The violin spiders include about 13 species in the United States. The Brown Recluse Spider (Loxosceles reclusa) is the best known of these. It is found in a large area of the Midwest, west to Colorado and the New Mexico state line and east to Northern Georgia. Oddly, it has been seldom collected in Florida, and than only as an incidental introduction. The venom of the Brown Recluse is highly necrotic in effect, usually causing lesions (open sores) as large as a US quarter. The wounds take a long time to heal and may require skin grafts. If these open wounds get infected there can be serious consequences. Rarely, the venom is carried by the blood stream to internal organs causing systemic effects. The South American Violin Spider (Loxosceles laeta) supposedly has a more potent venom, which results in systemic involvement more often. This spider was accidentally introduced to the Los Angeles area quite a few years ago. Other members of the genus that have been tested have venoms similar to the Brown Recluse and all members of this genus are best avoided. However, the Brown Recluse and its relatives are not very aggressive and huge populations have been found in houses where the human inhabitants were blissfully unaware of their presence!
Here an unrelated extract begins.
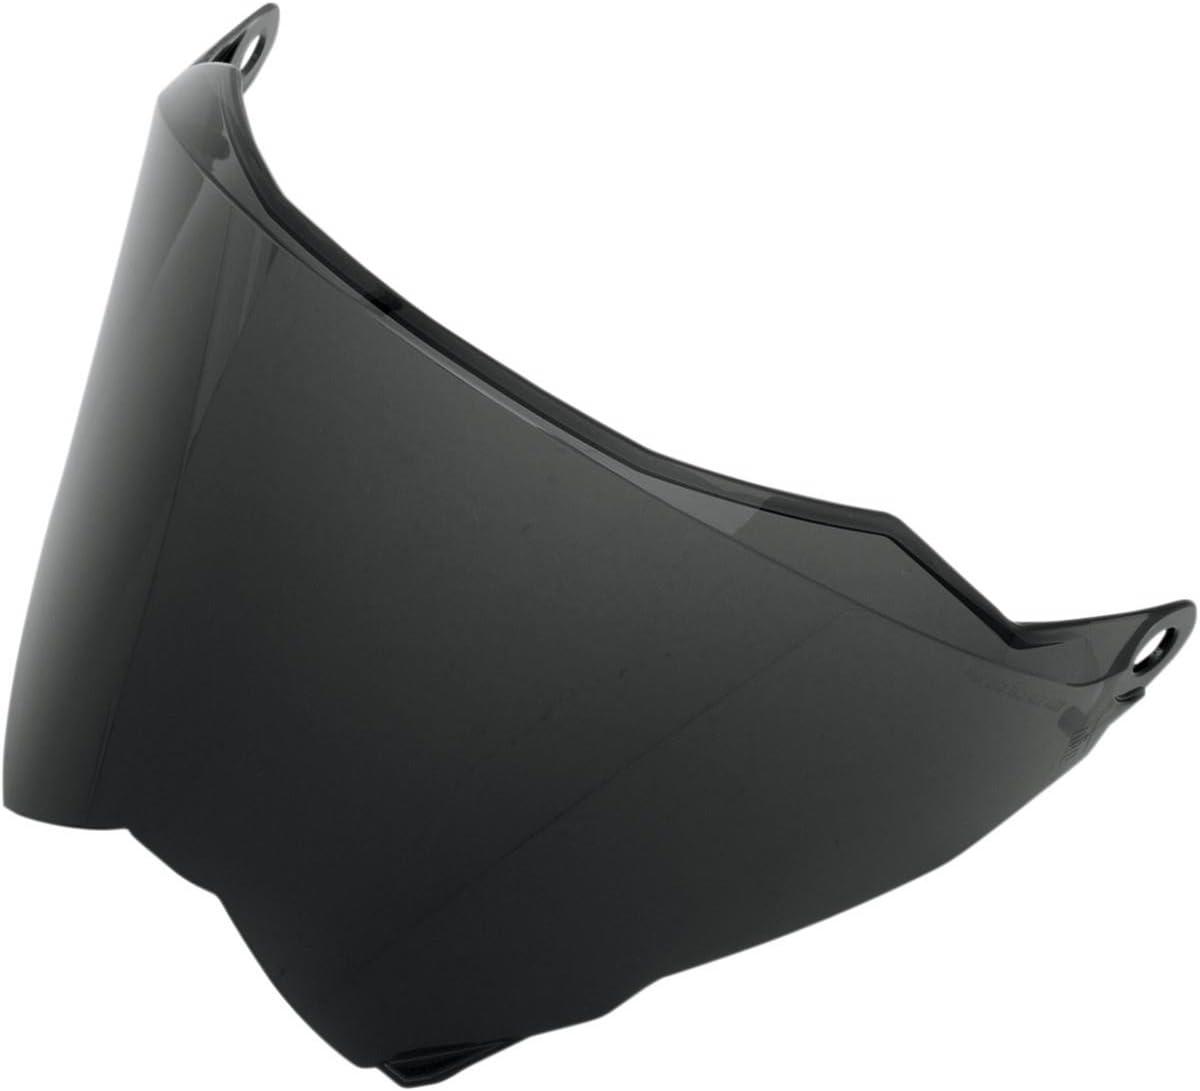 Smoke, Ax-8 Dual Evo, Dual AGV Helmet Shield Viosr Dual

A possible problem with diagnosing violin spider bite is that the bite of these spiders is probably both underreported in some areas and over reported generally. Unfortunately several diseases can mimic the lesions of a violin spider bite, including Lyme disease, various fungal and bacterial infections and the first sore of syphilis. Therefore it is extremely important to associate the spider directly with the bite, if at all possible.
Generally, violin spiders are usually found in the center of a sort of space web of fungal-like silk, which often contains the remains of their recent meals. For the Arizona Violin Spider (Loxosceles arizonica) the most abundant food item seems to be night-active ants like carpenter ants. The Brown Recluse is known to feed on whatever is available, and this is probably true of all sicariids.
Sicariids live is some of the driest deserts known, including the ultra dry Atacama Desert of Chile (for example, Loxosceles laeta). This ability to live in dry areas, often without food or water, allows violin spiders to hitchhike on boxes, shipping crates and other materials easily. Sicarius, which has more toxic venom than Loxosceles, based on laboratory experiments with rabbits, is found in such barren desert that humans seldom come in contact with it. It is able to bury itself partially in desert sand, like many sand-dwelling organisms. The females produce egg sacs covered with a mixture of sand and silk. The genus is considered to be a living fossil in that it is both quite primitive and distributed in parts of the former Gondwanaland, the huge southern continent that separated during the Mesozoic.